Charity calls for law change forcing banks to better support cancer sufferers

14 November 2017

Cancer sufferers come under undue financial pressure because of a lack of support from banks and building societies, according to Macmillan Cancer Support.

The charity has today called upon the government to change the law in order to ensure banks and building societies have a legal obligation to do more to help the most vulnerable customers.

With the Financial Guidance and Claims Bill currently going through parliament, Macmillan is urging the government to change the law so that banks and financial service providers offer specialised and tailored support including flexibility around products such as mortgages, credit cards, and loans.

The charity says it has seen a rise in the number of grants it gives to cancer patients in the last five years – it’s given £50 million over this period.

This, coupled with growing inflation, rising housing costs, and welfare reform has created a “financial storm” for the those least likely to be able to weather it.

As little as one in ten (11%) cancer sufferers inform their bank of their health status, principally because they did not realise that their provider would be able to help, or they were worried that it would affect them negatively in the process.

Lynda Thomas, chief executive of Macmillan Cancer Support comments: “The sheer number of cancer patients turning to Macmillan for financial support shows just how many are struggling to keep financially afloat.

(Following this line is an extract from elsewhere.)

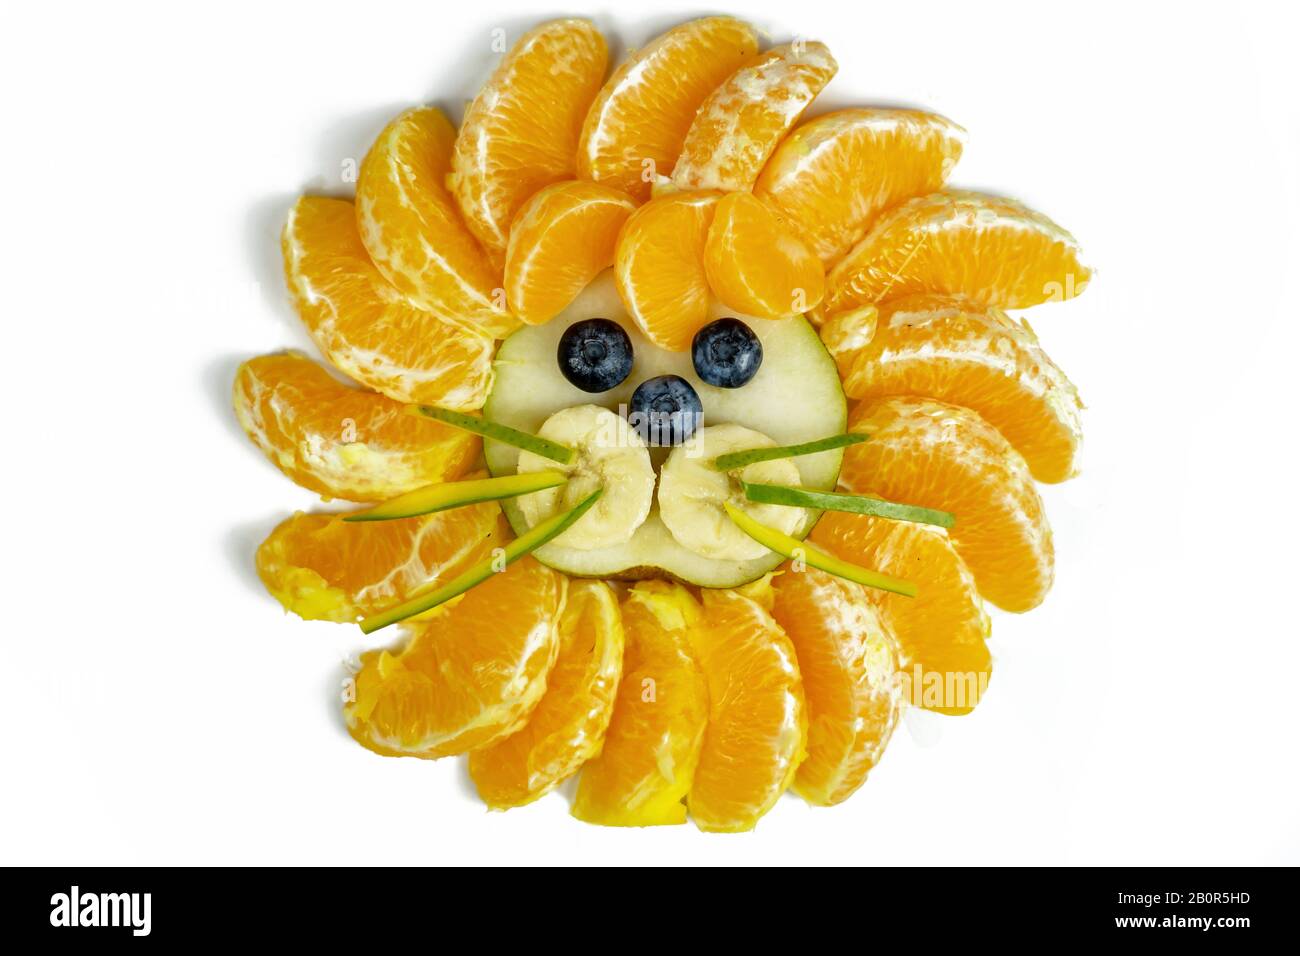 composition du visage de lion isolé avec des fruits comme le bleuet d'orange Banque D'Images

“When their income plummets and their outgoings rocket, people living with cancer can be left grappling with how to make ends meet. A financial storm of economic uncertainty and changes to benefits are likely to have heightened these fears.

“Macmillan will always support people with cancer, but we can’t keep plugging these growing gaps on our own. Everyone has their part to play. Banks can help us tackle the problem by offering cancer patients early and tailored support.”

Cancer costs patients £570 per month

According to the charity, the average cost to cancer patients of their condition is £570 per month. The illness often leads to a loss of income and increased expenses such as travel, heating, and clothing bills.

In July, Moneywise reported that Lloyds Banking Group had teamed up with Macmillan to help customers affected by the disease. The charity trained a ‘Cancer Support Team’ at the bank to provide bespoke support to affected customers.

Macmillan also has a similar partnership in place for customers of Nationwide building society, but the charity feels that more needs to be done to support cancer sufferers financially.

Ms Thomas adds: "We know progress has been made but we think a change in the law will provide more consistent support to financially vulnerable cancer patients to prevent their finances spiralling out of control.”